Three-time Olympic heavyweight champion Teofilo Stevenson said on Thursday two Cuban boxers who Fidel Castro decreed would never compete for their country again after deserting their teammates during the Pan American Games deserve another chance.
"They are great figures and they should be given another opportunity," Stevenson, one of only three boxers to win three Olympic titles, said in an interview.
Cuba's Guillermo Rigondeaux has won two Olympic bantamweight titles and hopes to try for a third this summer in Beijing. But he and 2005 welterweight world champion Erislandy Lara disappeared in July during the Pan American Games in Rio de Janeiro. Both were later arrested for overstaying their visas and sent back to Cuba.
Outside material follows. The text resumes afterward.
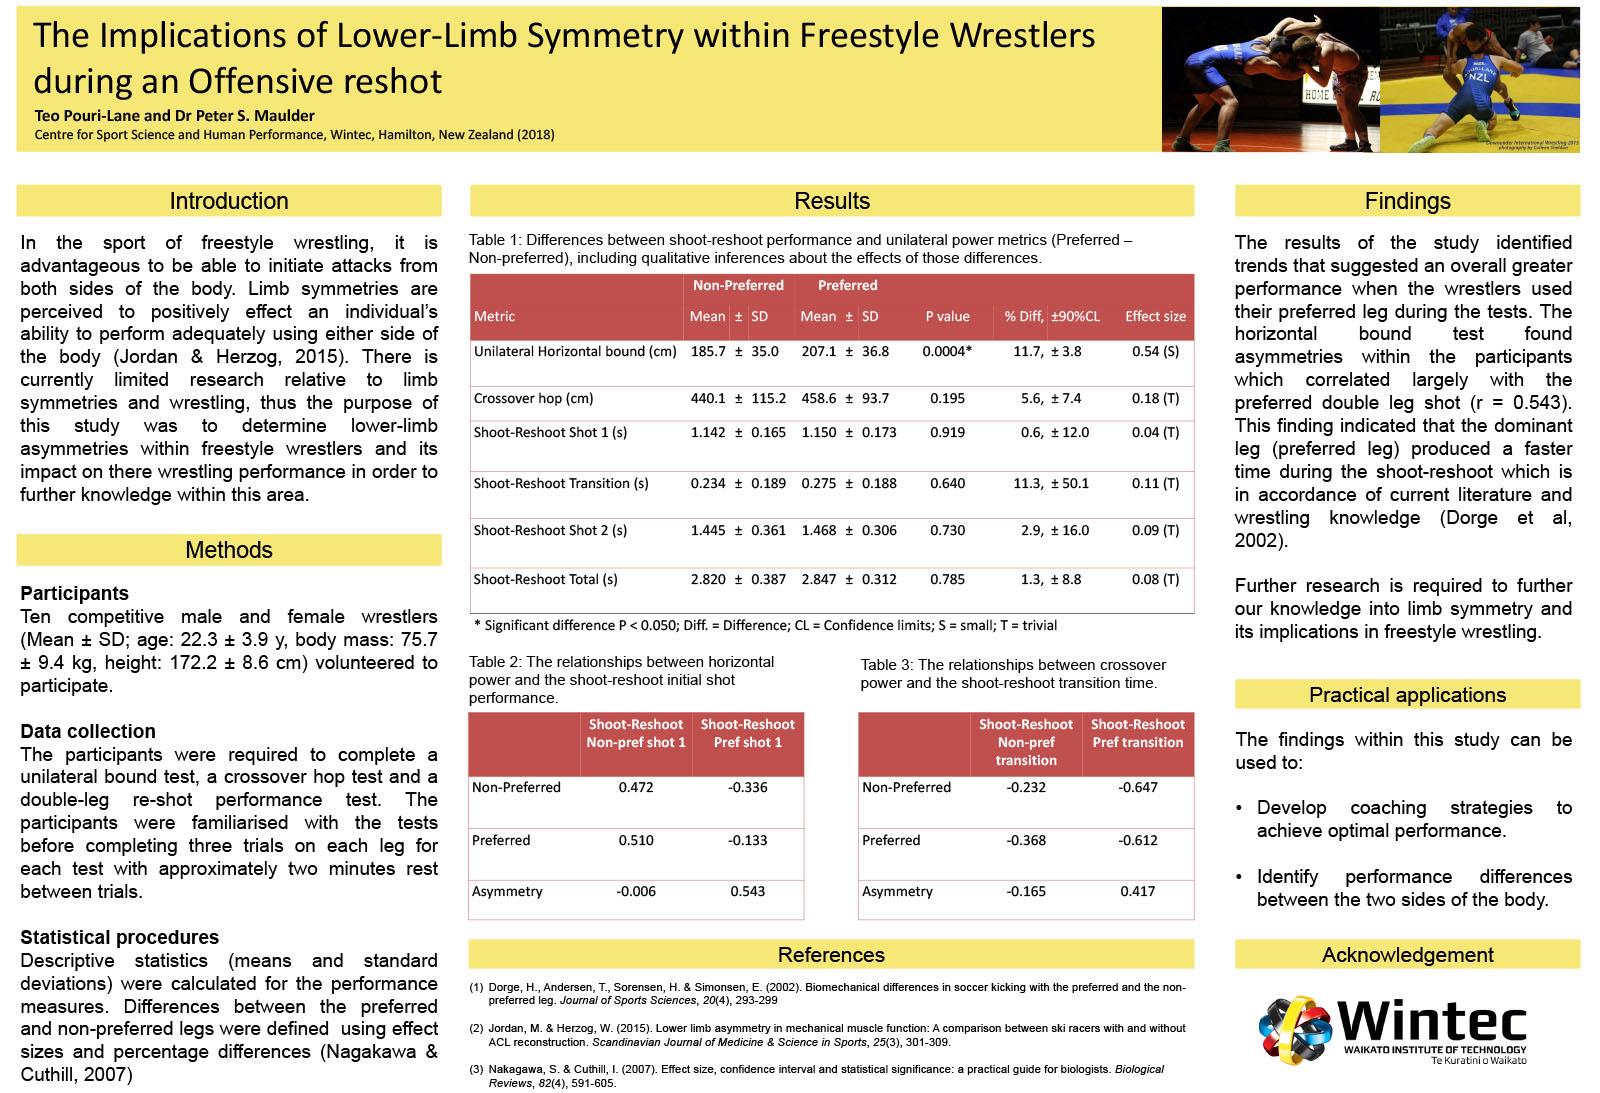 The Implications of Lower-Limb Symmetry within Freestyle Wrestlers during an Offensive reshot
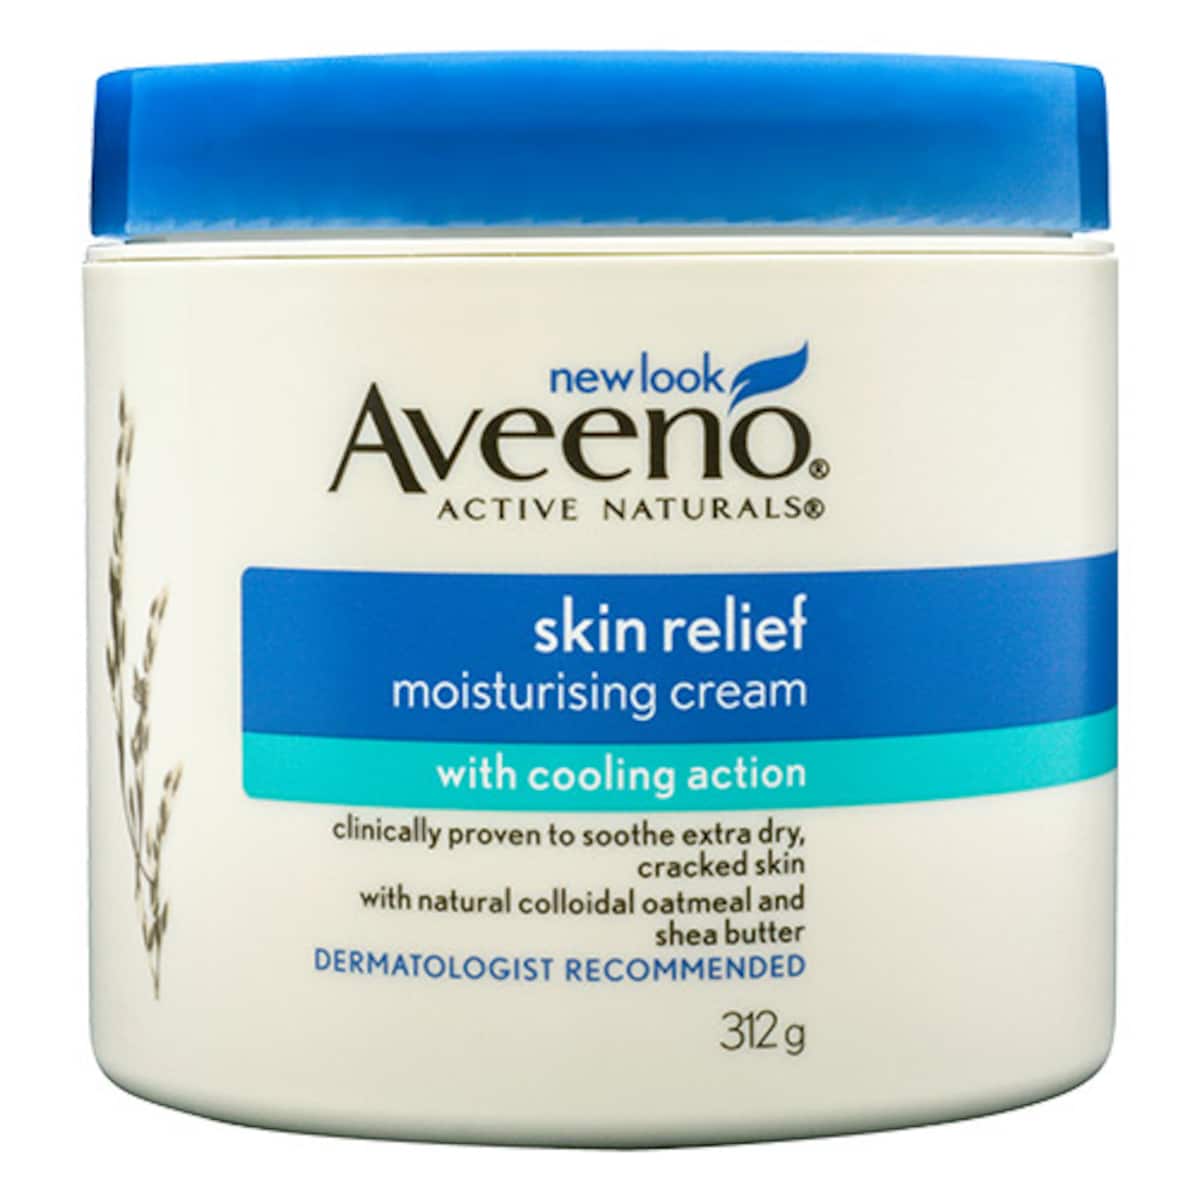 Aveeno Active Naturals Skin Relief Moisturising Cream with Cooling Action 312g

Rigondeaux and Lara insist they never intended to defect, but a German promoter said they signed contracts and the German embassy in Brazil reported both had applied for visas. Castro wrote in an essay shortly after their return to Cuba that the pair "had reached the point of no return" with the national boxing team.
But Stevenson, vice president of the Cuban Boxing Federation, said it would not surprise him if both compete formally again, saying they would have to "climb back in the ring and win." He quickly added, however, that reinstatement to the national team was not up to him.
"In our country there is a system of reeducation that can be applied to those who commit an error or have flaws," he said. "The only ones you can't pardon are traitors."
Stevenson, who also won three world amateur titles and two Pan Am golds, said he did not consider Rigondeaux and Lara traitors because they expressed their desire to return to Cuba after they were arrested in Brazil. He did not clarify what he meant by re-education, but talked about prisoners and others who are "rehabilitated."
In an interview on Monday, Rigondeaux said he has continued to train and stay in shape to box for Cuba in the Olympics. But he said that no top government official has visited him since he returned to the island on Aug. 5.
Jose Ramon Fernandez, head of Cuba's Olympic Committee, said on Thursday that while boxing authorities have not allowed either fighter to return to the ring formally, both continue to draw state salaries as athletes.
He said boxing authorities were still "analyzing" their cases, but would not comment further.